The leaders will take all precautions and will arrange the means of proof of the data held to authorised persons (volunteers, third parties or professionals).

They will ensure that the services, accommodation and reservation of domain name are subscribed in the name of the Association and not that of an individual person.

III-CHANGES, MODIFICATIONS,

DISSOLUTION, DORMANCY

Article 17– Administrative formalities

The President or the Secretary or the Treasurer must inform the Sous-Préfecture within three months :

  • Of all the changes occurring in the administration or Direction of the Association
  • Of all the modifications carried out to their Statutes
  • Of any change to the head office.

The registers of the association and its accounting documents are presented without disturbance or requisition of the Sub-Prefect himself or his delegate or to any official accredited by him.

Article 18 – put into dormancy

The present Statutes allow for dormancy of the Association.

This decision must be acted by Extraordinary General Meeting, conforming to the article 15 of the present Statutes. This sets the maximum period of dormancy.

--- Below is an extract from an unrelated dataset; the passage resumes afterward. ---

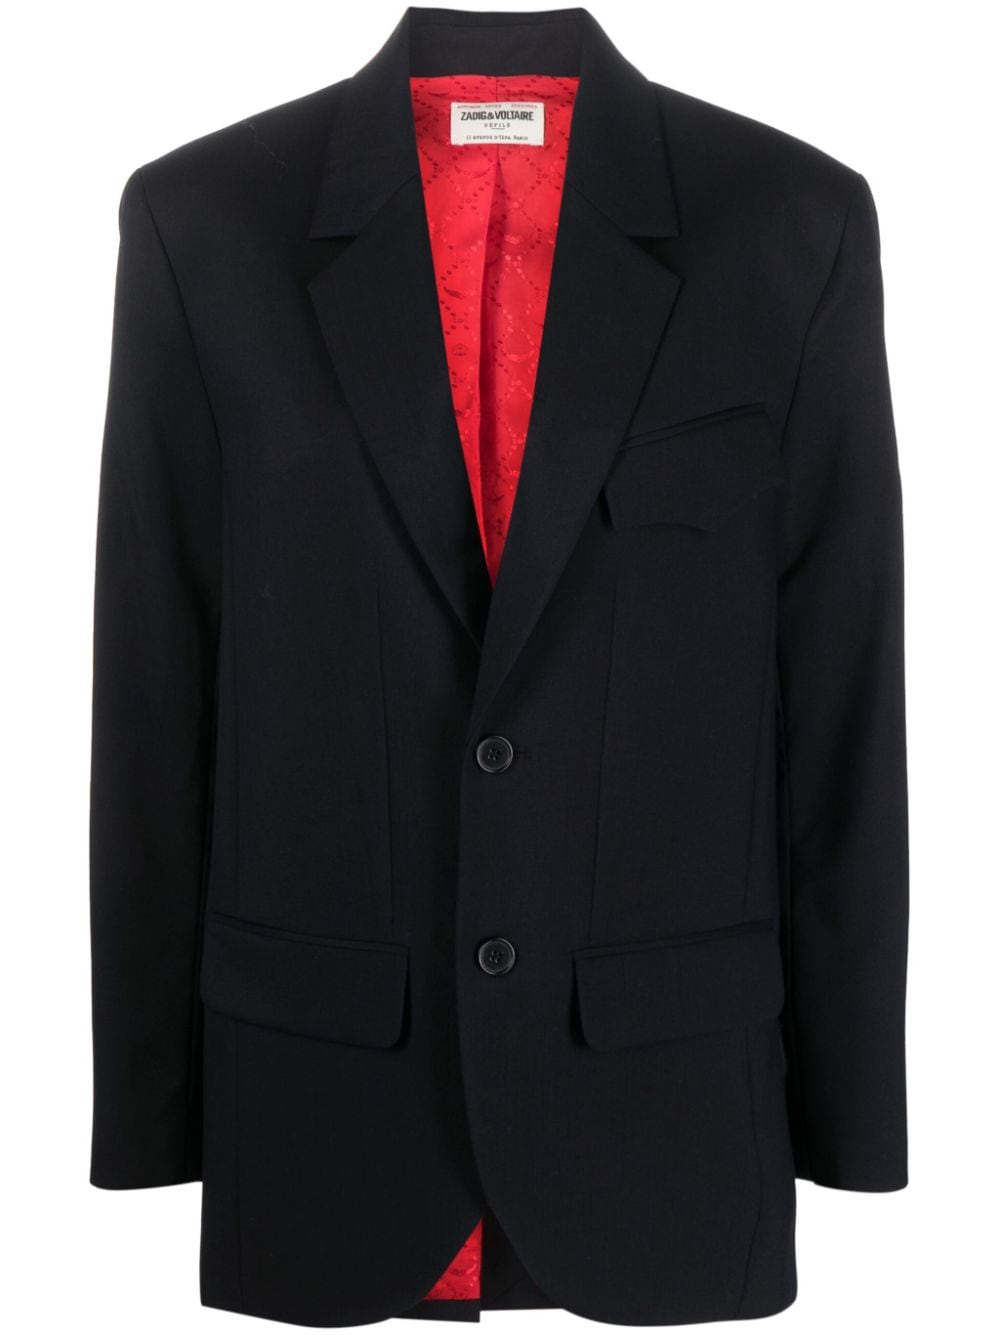 Image 1 of Zadig&Voltaire Vivi tailored-cut blazer

During this period, all possible means of payment, contracts and subscriptions will be suspended. The interests of the Association cannot be assigned or sold. Current leaders retain their functions.

Article 19 – Dissolution

The dissolution cannot be pronounced except by an ExtraordinaryGeneral Meeting (EGM) specially convened to this effect.

The EGM will designate one or several commissioners charged with liquidation.

They allocate the net assets to an association with the same object to which will be paid the assets of the dissolved association.

The dissolution must be the object of a declaration to the Sous-Préfecture dated et signed by the President, the Secretary and the Treasurer.

Article 20 – interior regulations

Interior regulations (IR) are created by the Association. They are drafted by the Board of Directors and approved by an ordinary general meeting.